J'ai toujours aimé les ruines et les vieilles pierres. Gamin, l'église effondrée (aujourd'hui totalement disparue hélas) s'élevant à quelques encablures du village ancestral me fascinait. J'ai toujours aimé visiter les châteaux, et plus ils étaient déglingués, plus ça me plaisait. Un lieu comme les Arènes de Lutèce, magique, s'étendant à une porte cochère d'une rue banale et constituant une bulle intemporelle dans la cité, m'apaise à tout coup. Non loin de chez moi, la carcasse vide d'une tour médiévale dont l'intérieur est effondré depuis des siècles m'attire lors de mes promenades.
Des gens de mon entourage se piquent de psychogéographie, d'autres
d'urbex. Ma ruinophilie se situe sans doute quelque part entre les deux.
Pas assez aventureux (et d'un format trop malcommode) pour aller
crapahuter dans des lieux où ma masse ferait craquer le plancher, pas
assez théoricien sans doute pour me lancer dans de grandes analyses (en
tout cas dans ce domaine précis), je me contente face aux murs branlants
hérités du passé de me livrer à un frisson esthétique, vaguement
synesthétique d'ailleurs, ou poétique.
Rien de très original à cela je crois, la chose me semble assez répandue. Il y a une beauté particulière des ruines, et nombre d'entre nous y sommes sensibles. La ruine constitue une forme de paradoxe, c'est un lieu dont la décrépitude anéantit l'utilité, mais qui dès lors a changé de nature, un lieu sur lequel le temps a exercé ses ravages, mais qui dès lors a un parfum d'éternité.
Les tronçons de colonnes grecques ou romaines font immédiatement naître en nous des images précises de ces époques disparues et nous font ressentir viscéralement la profondeur temporelle dans laquelle nous nous inscrivons collectivement avec et par rapport à elles. La ruine demeure, et nous rappelle à l'impermanence. Elle est le memento mori des civilisations qui, selon Valéry, se savent mortelles, au moins inconsciemment.
Elles sont aussi ce qui nous empêche souvent de penser le passé tel qu'il était. Tout film de chevalerie nous présente des murailles déjà verdies par des siècles de lichens et de mousses, tout péplum des statues de marbre nu, dont la peinture polychrome s'est écaillée depuis longtemps. Représenter la forteresse du douzième siècle avec ses murailles en pierre de taille d'un blanc crémeux éclatant nous semblerait toc. Représenter un temple d'Artémis avec ces colonnes et ses statues fraîchement repeintes heurterait nos représentations les mieux ancrées.

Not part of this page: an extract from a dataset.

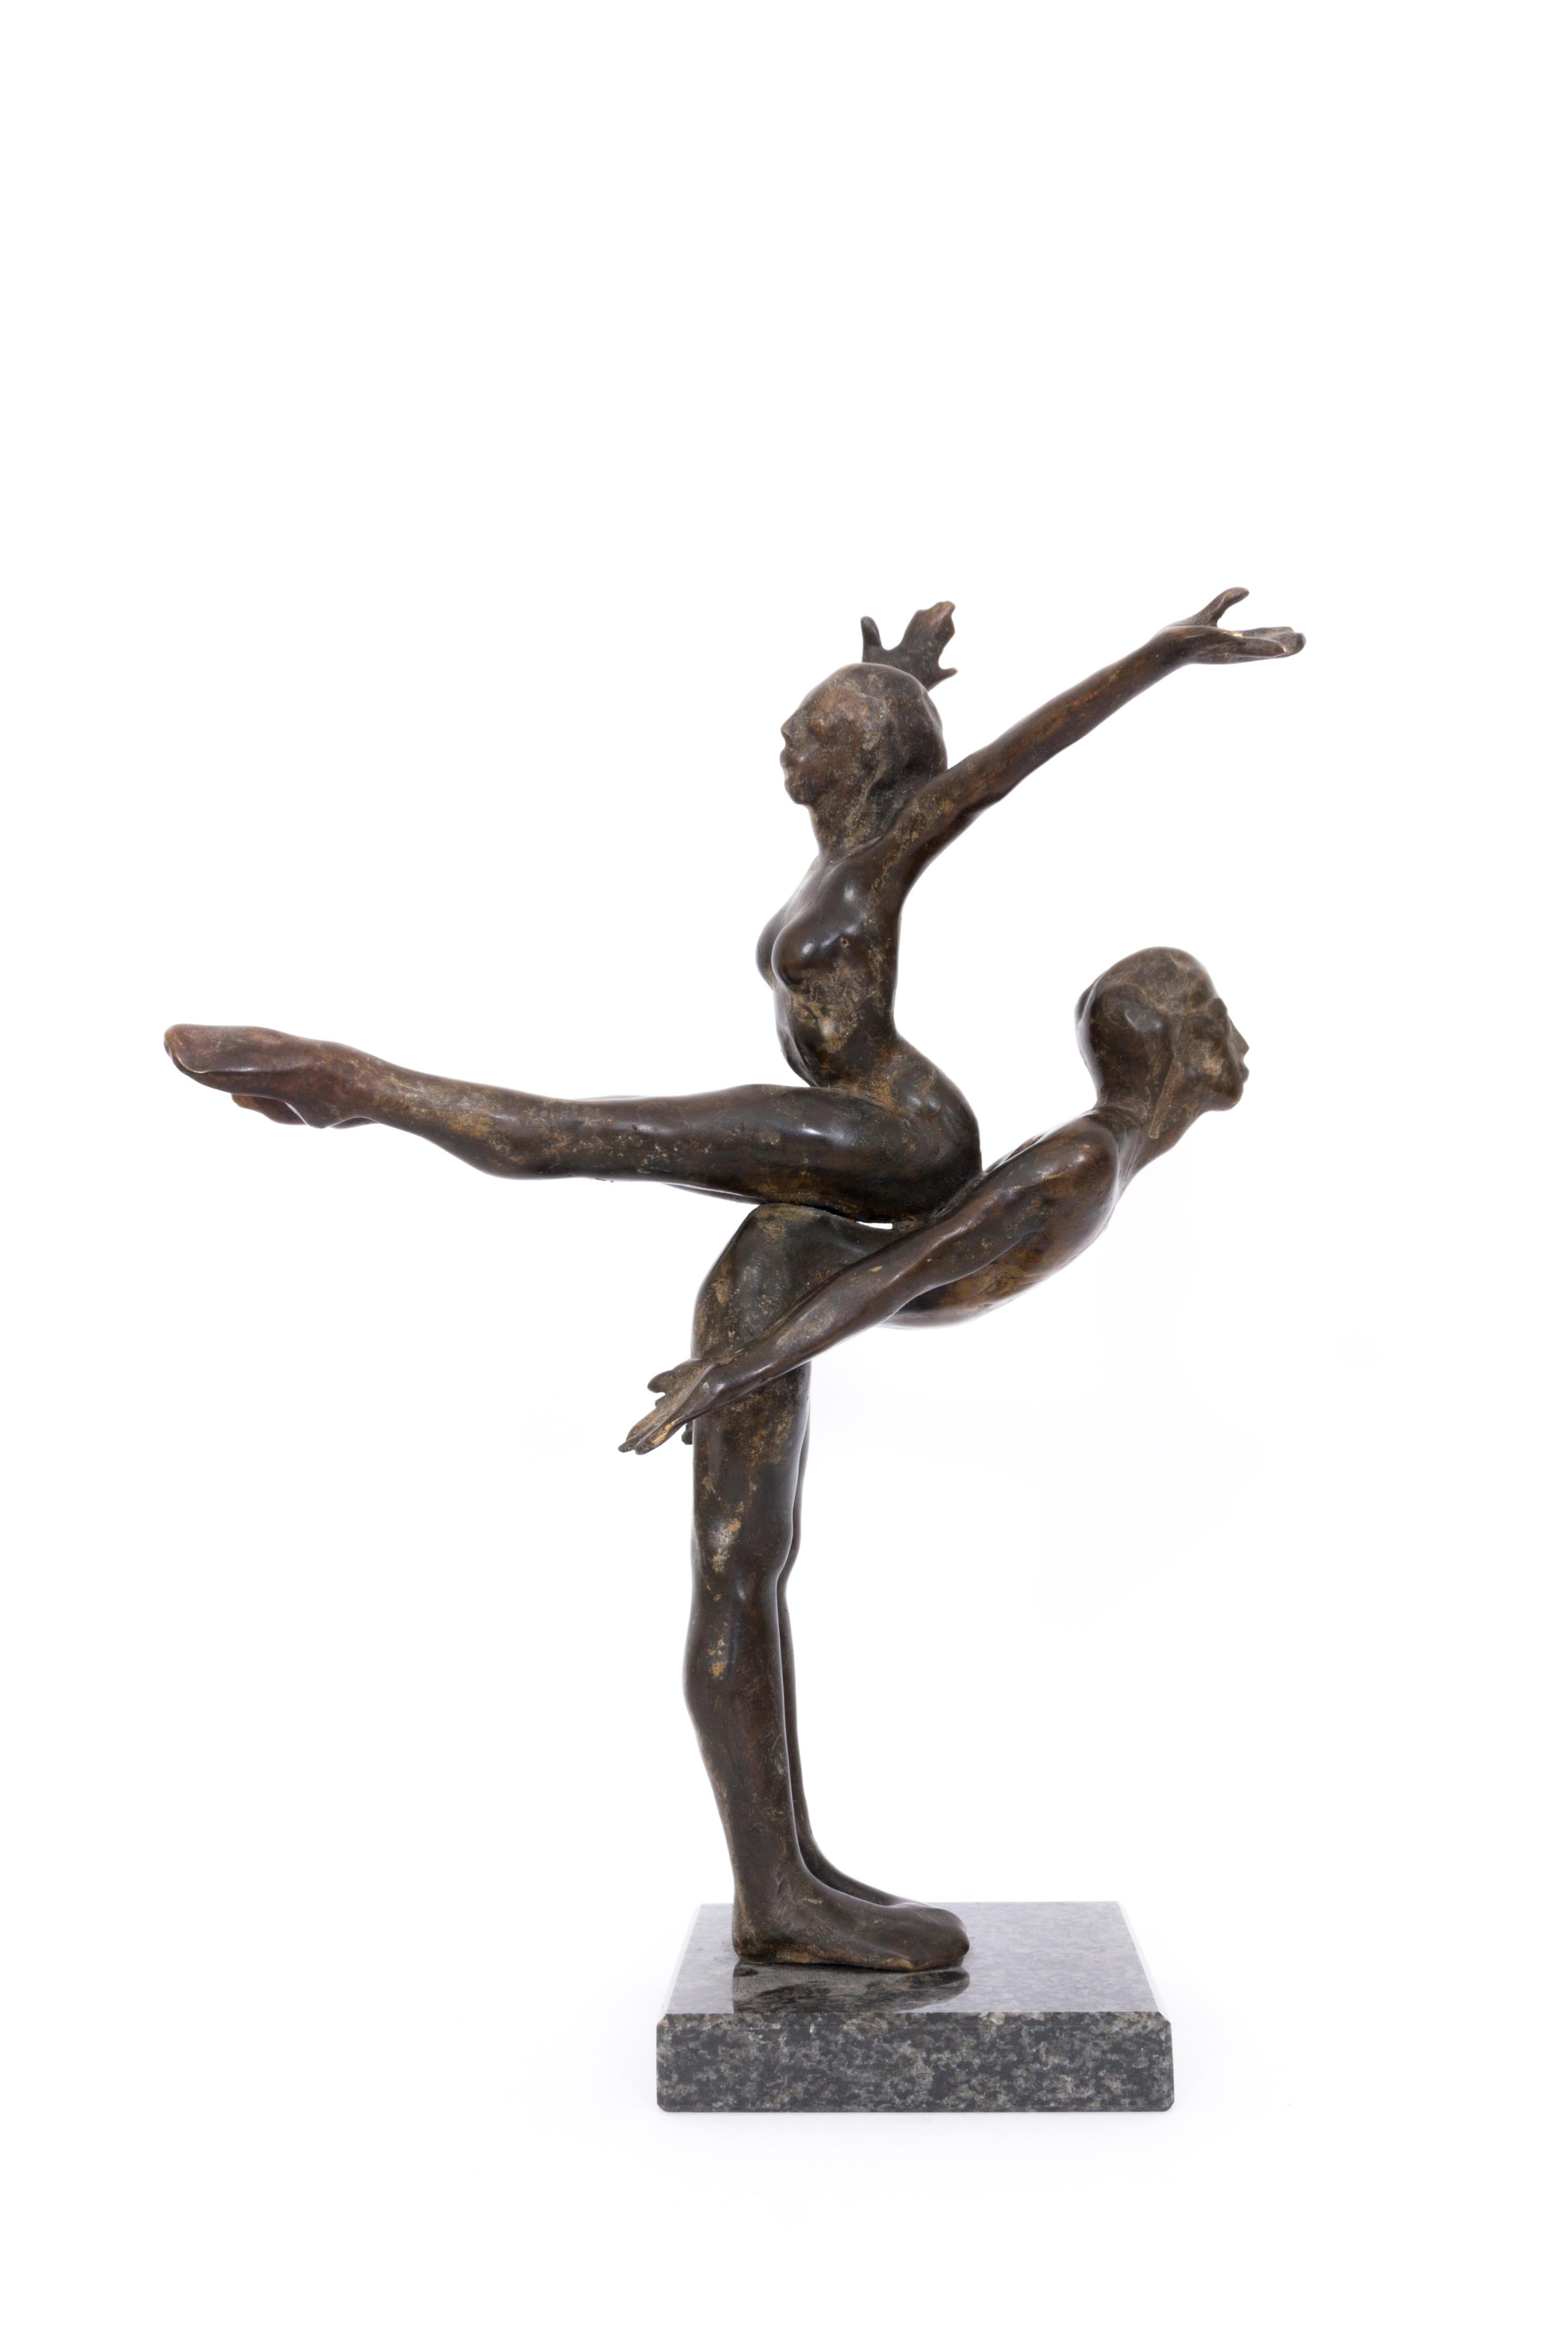 John W. Mills Figurative Sculpture – Jerome Robbins

Chacun, dit-on, mesure le monde à sa propre aune, et même notre vision du passé est informée par notre présent (ce que tout historien sait d'ailleurs) (et ce que feignent d'ignorer les politiciens tentant d'instrumentaliser l'histoire avec des conceptions de celle-ci datant au mieux de la Quatrième république, voire de la Troisième) (je dis qu'ils feignent par pure charité, bien entendu : les croire sincères et non menteurs dans ce domaine serait plus accablant encore). Le chevalier de film médiéval croise souvent sur sa route des ruines séculaires dont l'architecture montre qu'elles ont été bâties de son temps, voire qu'elles viennent de ce qui est encore pour lui un futur presque lointain.

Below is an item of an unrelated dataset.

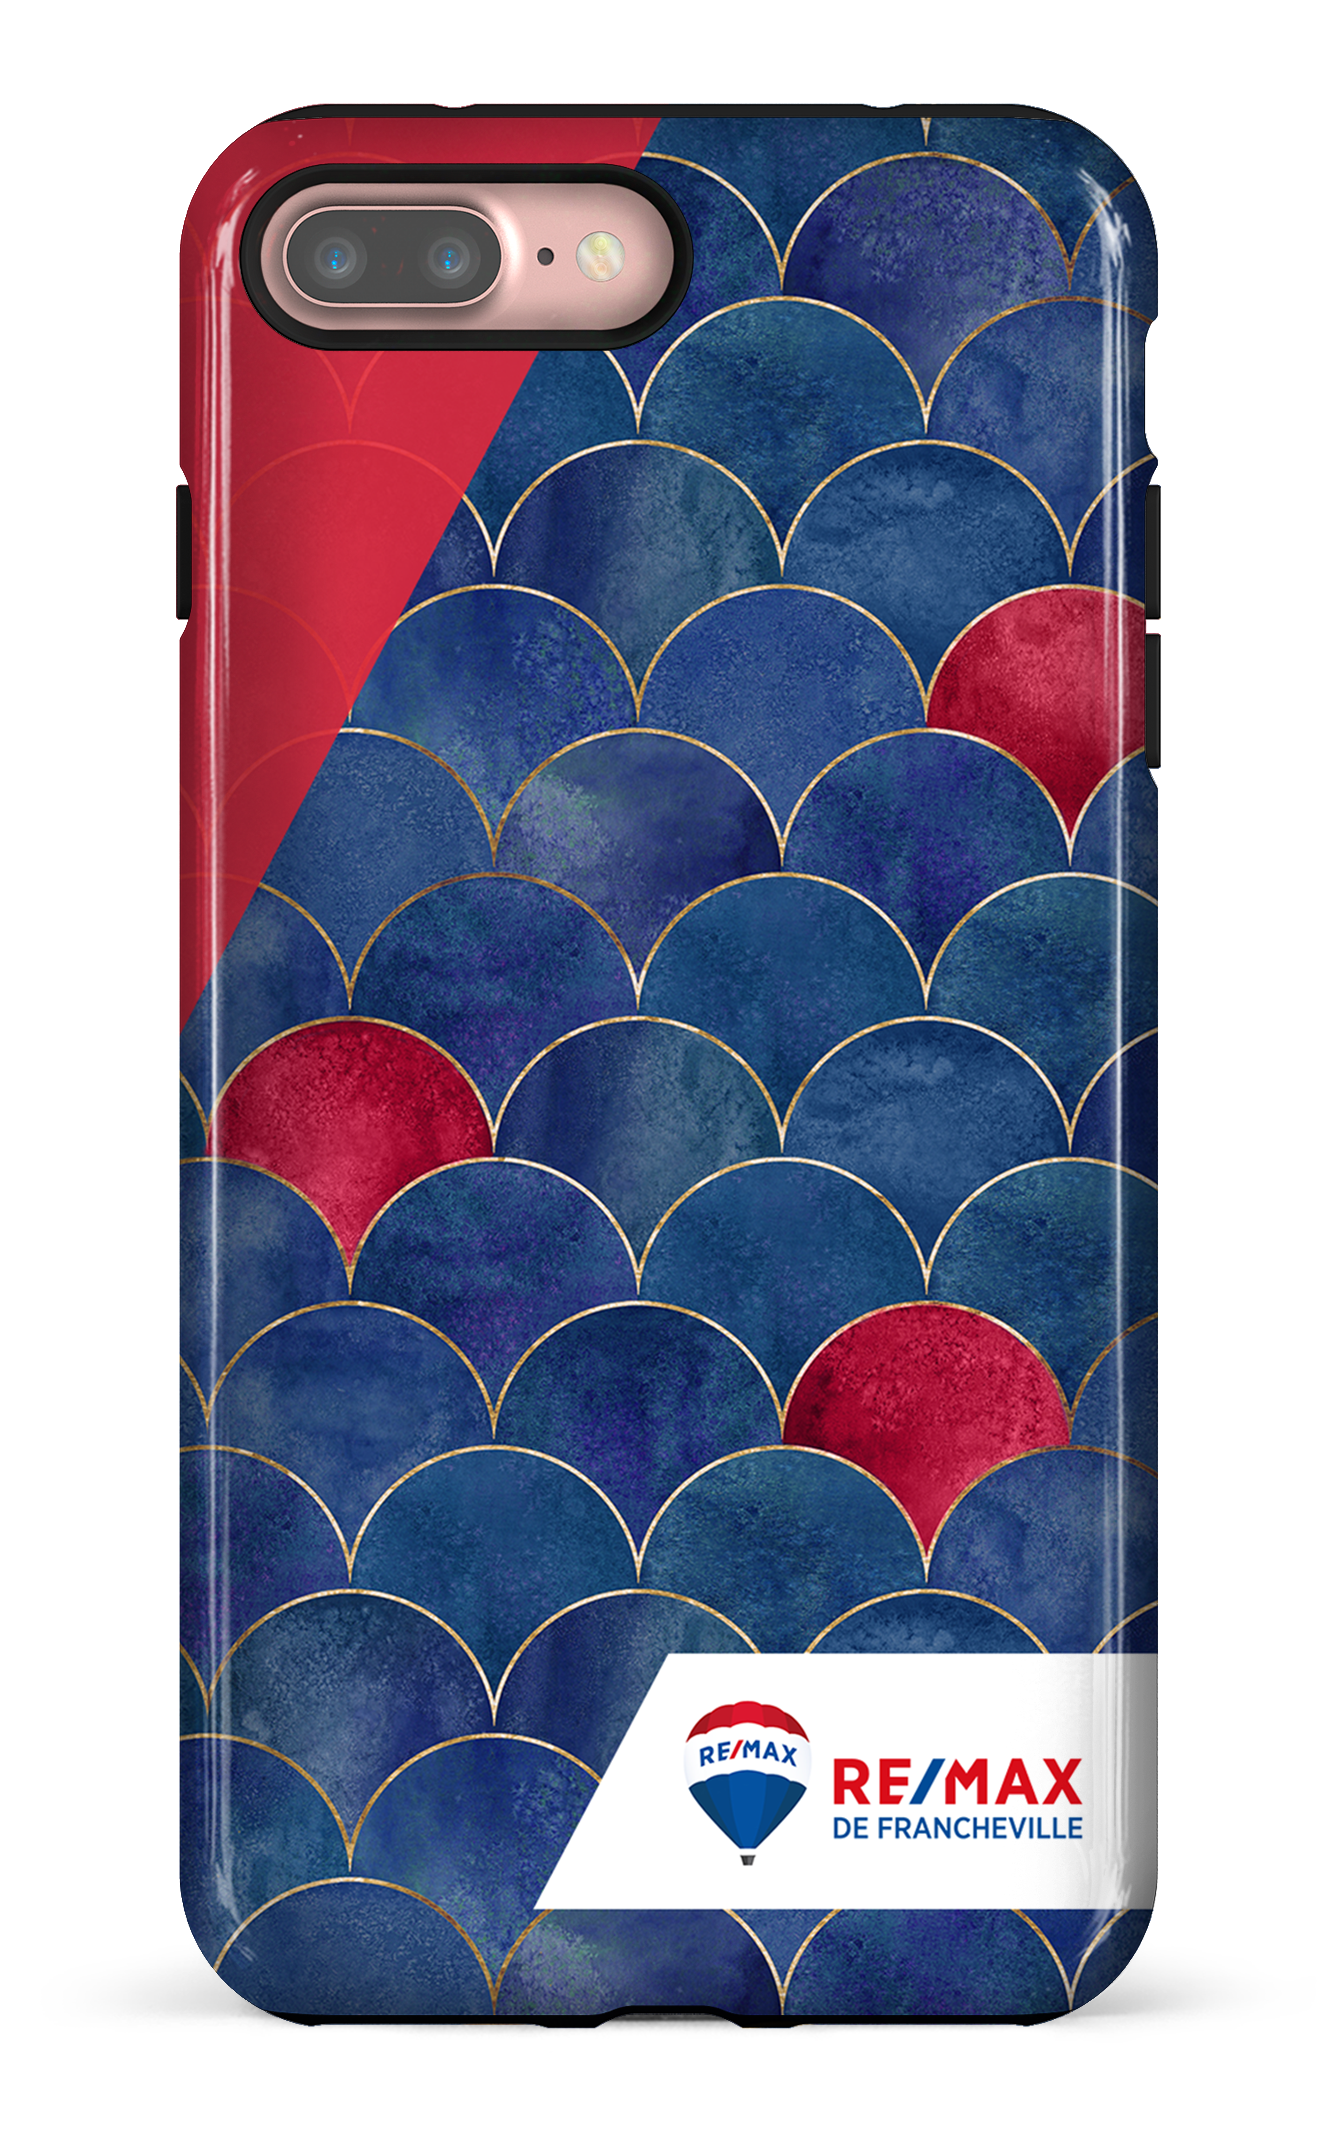 Écailles bicolores de Francheville - iPhone 7 Plus

Chaque culture se bâtit sur les ruines des précédentes, le parement des pyramides a été pillé pour bâtir le Caire, les soubassements de murailles sont devenus les fondations de maisons. Notre époque elle-même laisse déjà des ruines, friches industrielles ou bâtiments de l'ère Communiste devenus symboles gênants, et donc abandonnés, parcs d'attraction en faillite, projets inachevés. On peut encore visiter des tronçons de l'aérotrain et les Blockhaus du Mur de l'Atlantique.
Tout au monde aboutit un jour ou l'autre à une ruine. Et celles-ci durent parfois beaucoup plus longtemps que la chose intacte qui fut leur forme initiale.